§ **Dataset excerpt**
== Segment start ==
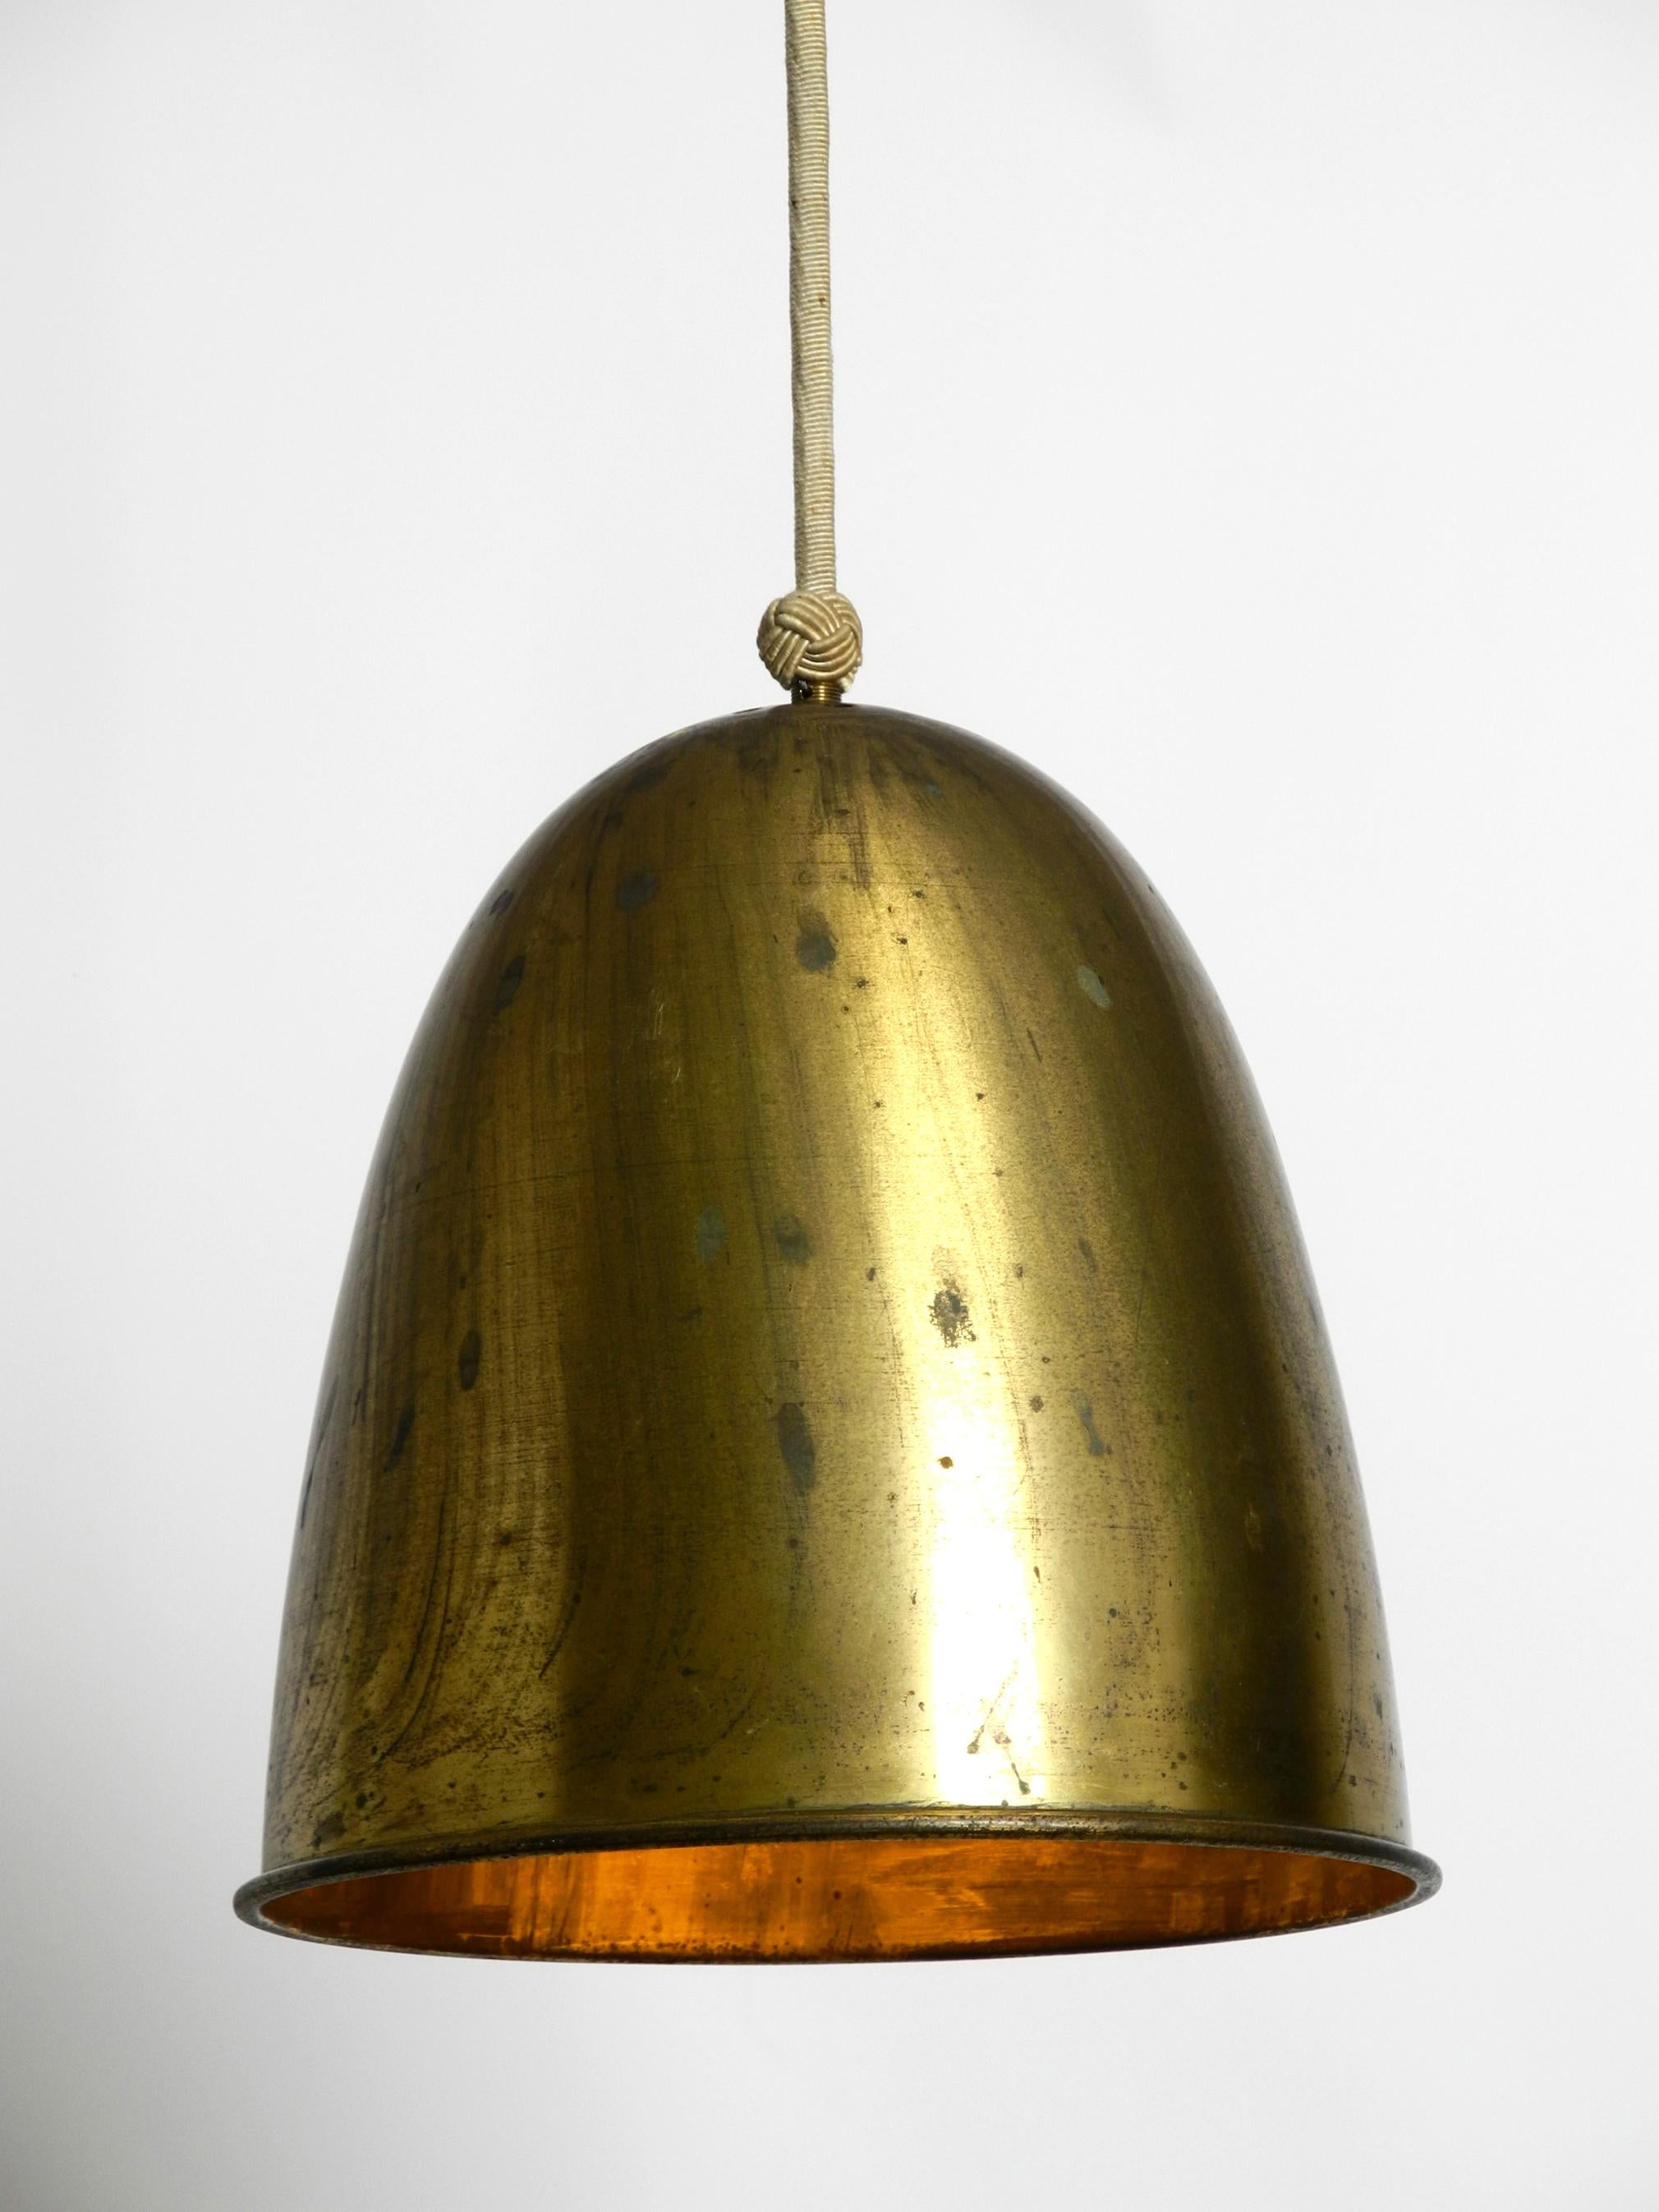 Exceptional Large Heavy Midcentury Brass Pendant Lamp with 3 Sockets 8
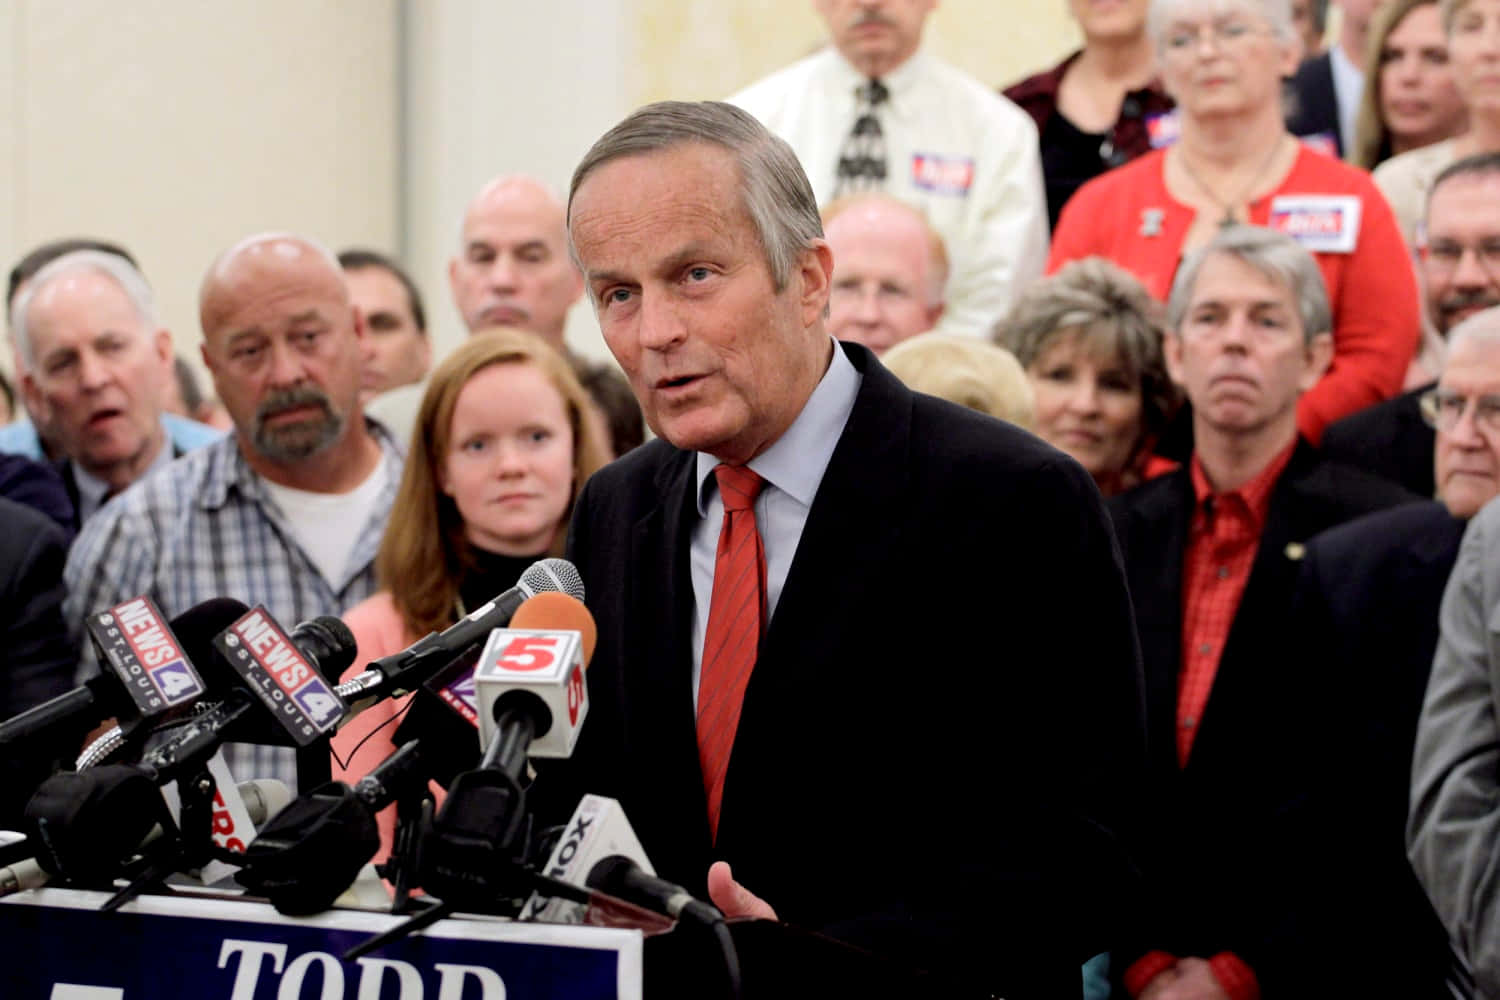 Todd Akin Speaking With Audience Background
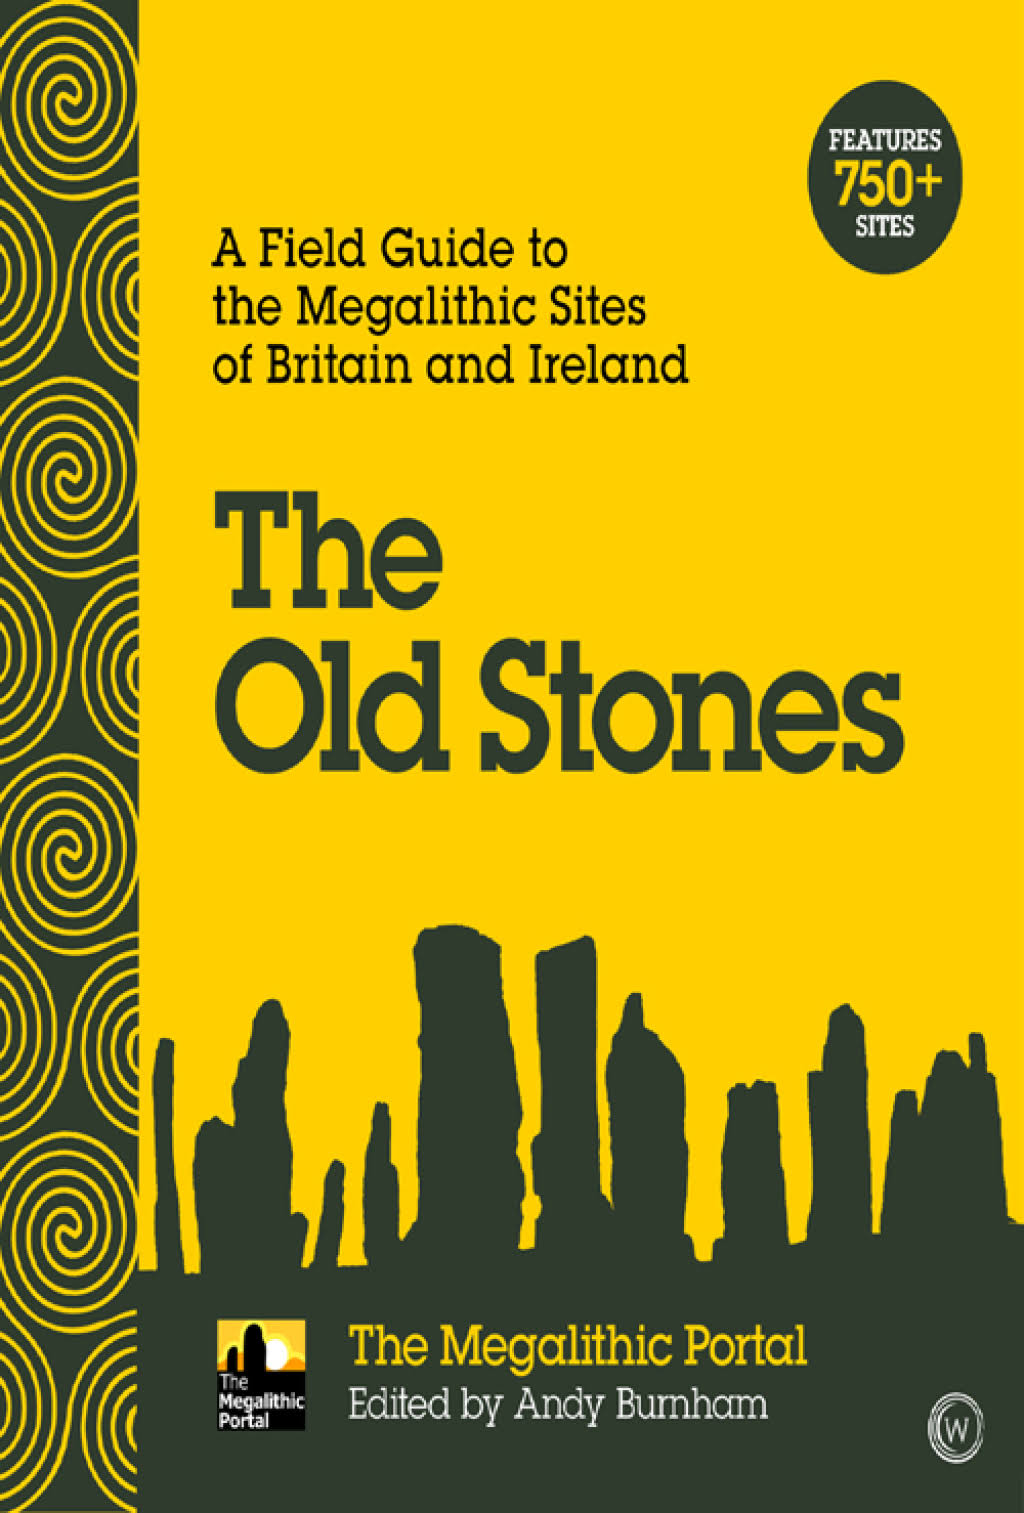 The Old Stones: A Field Guide to the Megalithic Sites of Britain and Ireland [Book]
== Segment end ==
§ **Prompt**
Please transcribe the material above exactly as written. Leave the pictures out.

§ **Solution for this problem**
 Exceptional Large Heavy Midcentury Brass Pendant Lamp with 3 Sockets 8
 Todd Akin Speaking With Audience Background
 The Old Stones: A Field Guide to the Megalithic Sites of Britain and Ireland [Book]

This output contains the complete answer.